-
Notifications
You must be signed in to change notification settings - Fork 24.6k
Description
Describe the bug
I'm not sure if this is right place to report this issue, because it seems like a problem with Redis clients. But the same issue is present in all clients that I've checked (Lettuce, Redisson, Jedis, go-redis).
In a case of a sudden connection loss Redis clients are not able detect network problems, and will be listening for Pub/Sub messages on a broken TCP connection for hours, making Pub/Sub unusable.
To reproduce
- Start a Redis on Host A
- Connect to a Pub/Sub using one of the Redis clients from Host B
- Block all traffic on Host A to a Redis server using iptables or other tool
- Redis client will not discover that the connection is lost.

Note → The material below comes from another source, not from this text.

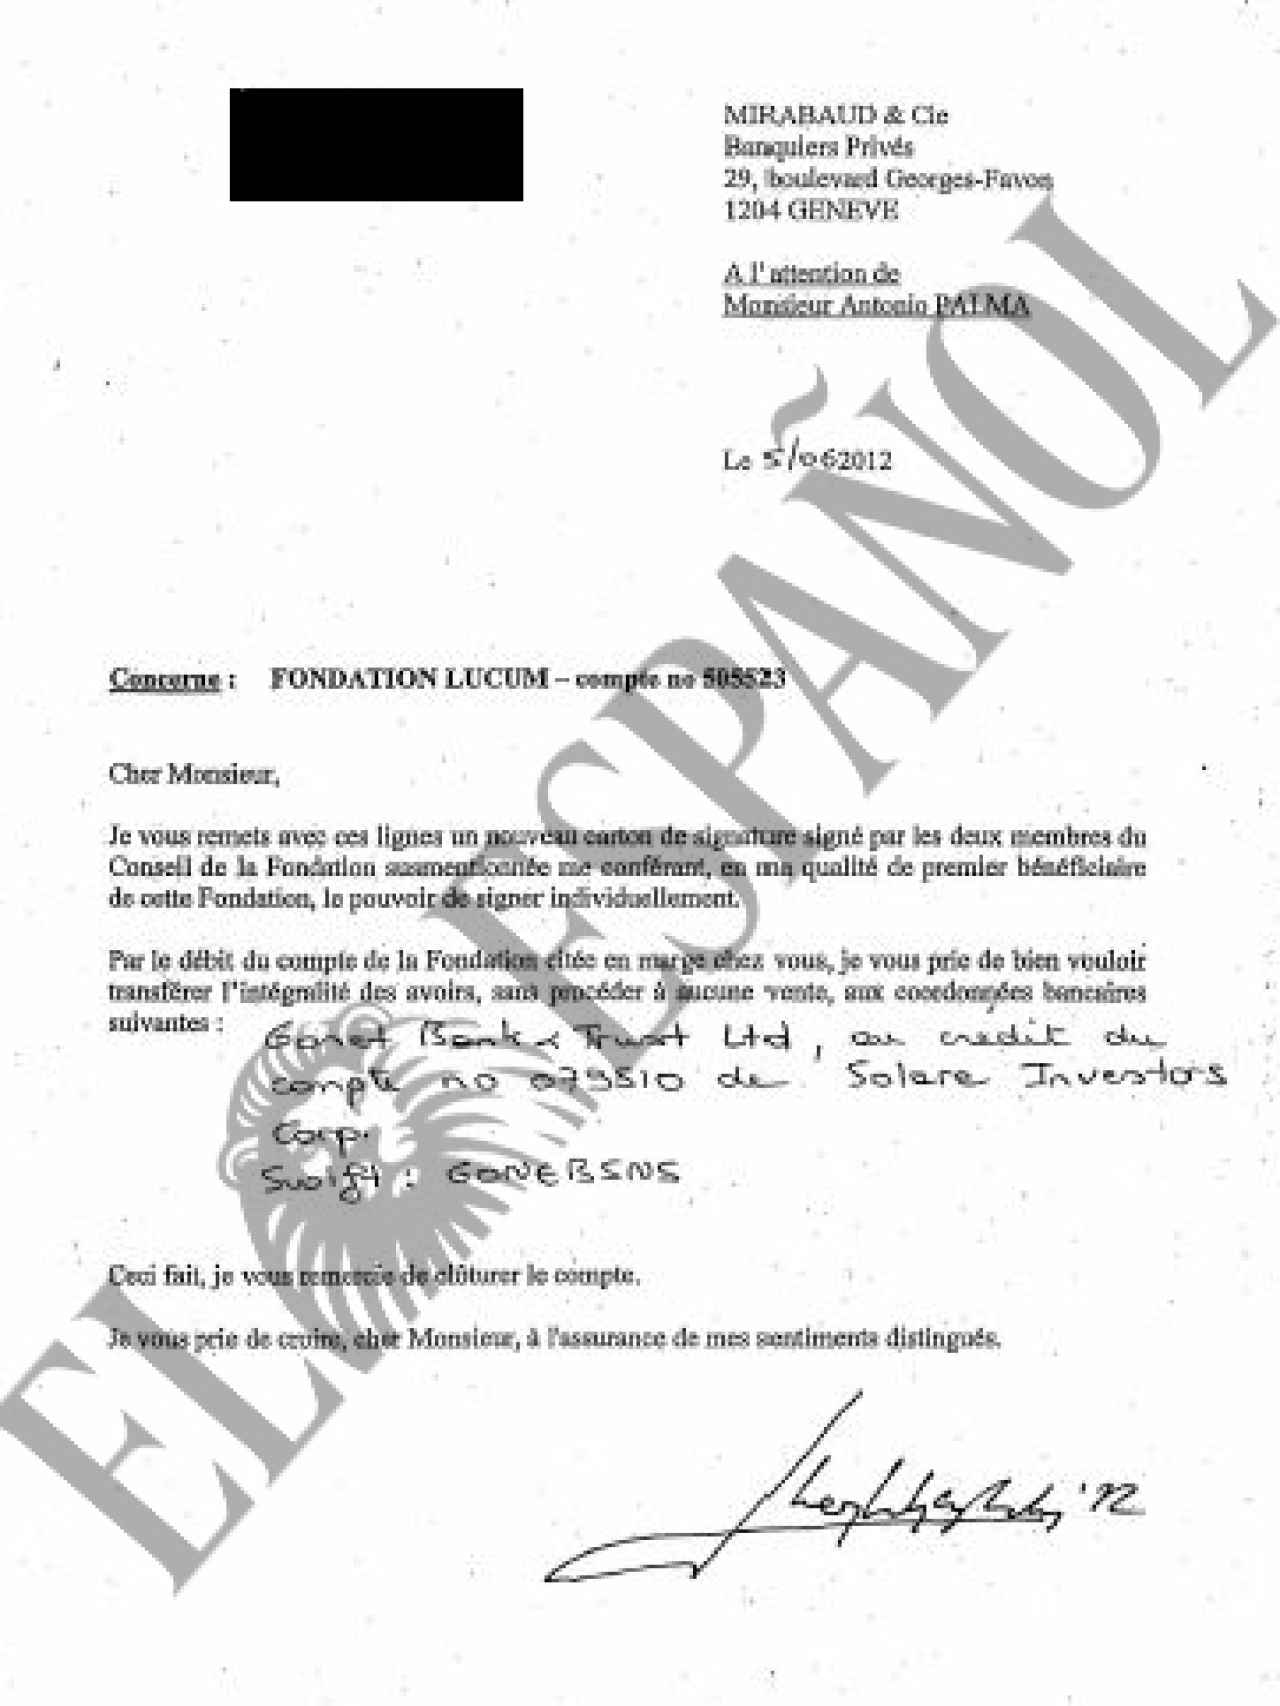 Carta de Don Juan Carlos al presidente de la banca Mirabaud./

- Now restart Redis on Host A, and restore network traffic.
- Redis client will be listening on connection that no longer exist on the server-side.

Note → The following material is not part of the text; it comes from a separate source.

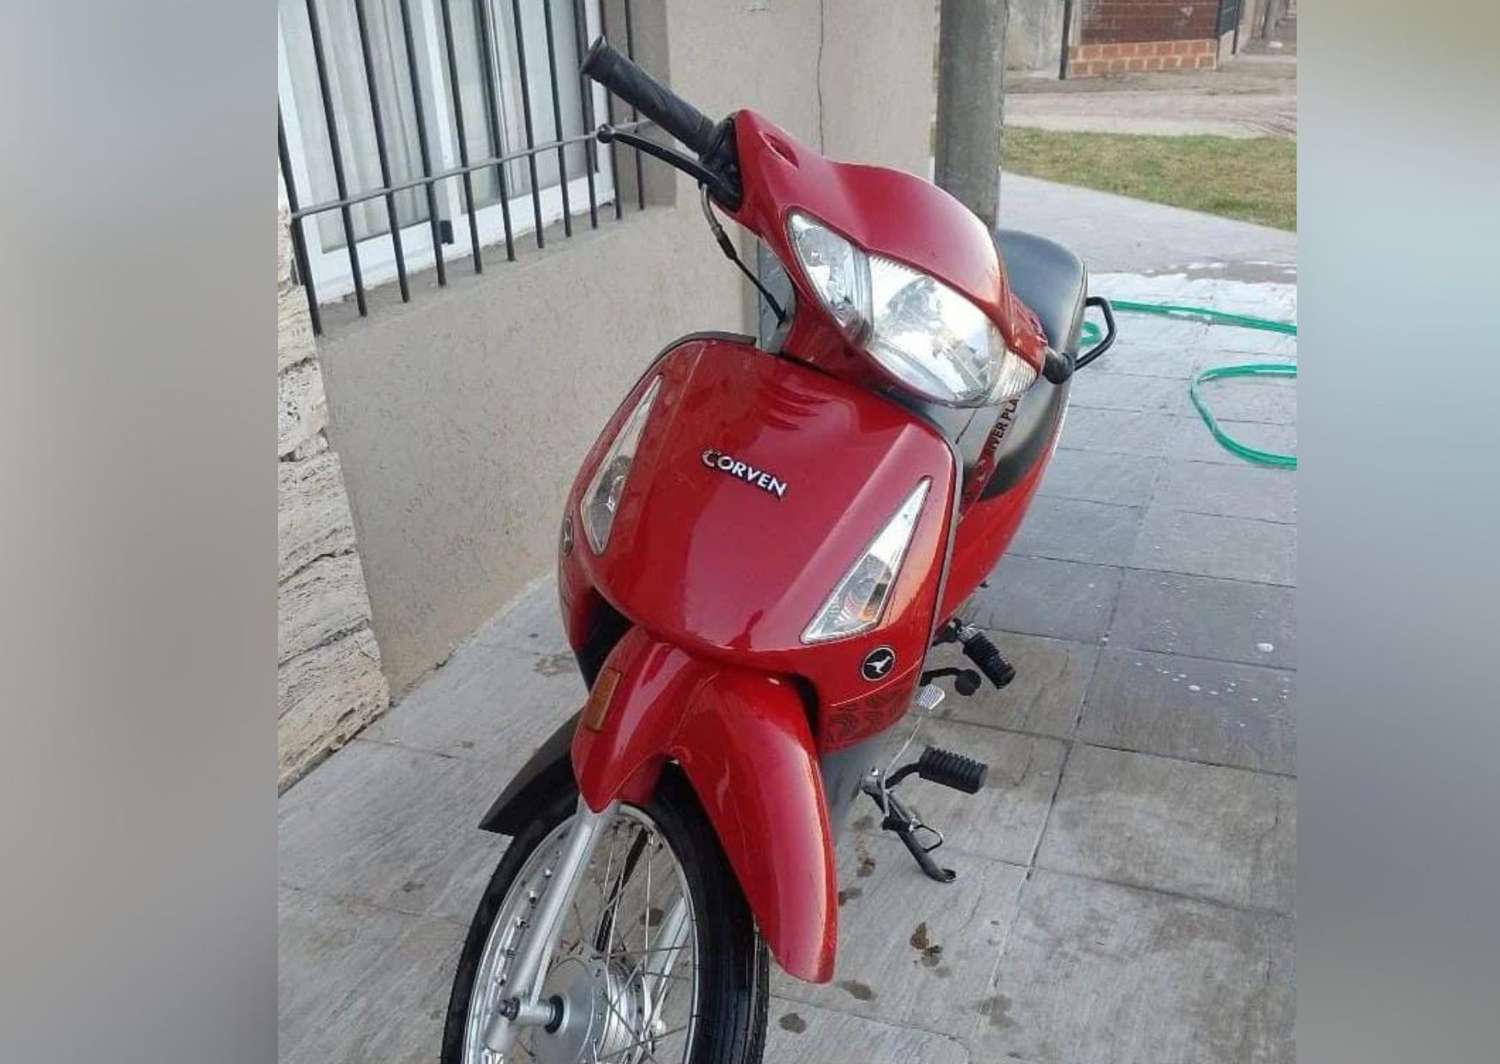 Dejó la moto estacionada afuera de la escuela y se la robaron

I've managed to reproduce this behavior using three different Java clients, and go-redis. Ticket for Lettuce with more details: redis/lettuce#1428
Expected behavior
Redis clients subscribed to a Pub/Sub should be able to detect a broken network connection, and reconnect when necessary.
Additional information
The undocumented workaround for this issue is to tweak OS parameters on a client's host: SO_KEEPALIVE, TCP_KEEPIDLE, TCP_KEEPINTVL and TCP_KEEPCNT.
It's similar to what redis-cli client is doing in application layer:
Line 908 in 1c71038
| anetKeepAlive(NULL, context->fd, REDIS_CLI_KEEPALIVE_INTERVAL); |
Line 95 in efb6495
| int anetKeepAlive(char *err, int fd, int interval) |
Is there is any other way of making reliable Pub/Sub subscriptions without changing OS parameters?
Shouldn't all Redis clients change socket parameters in application layer like redis-cli?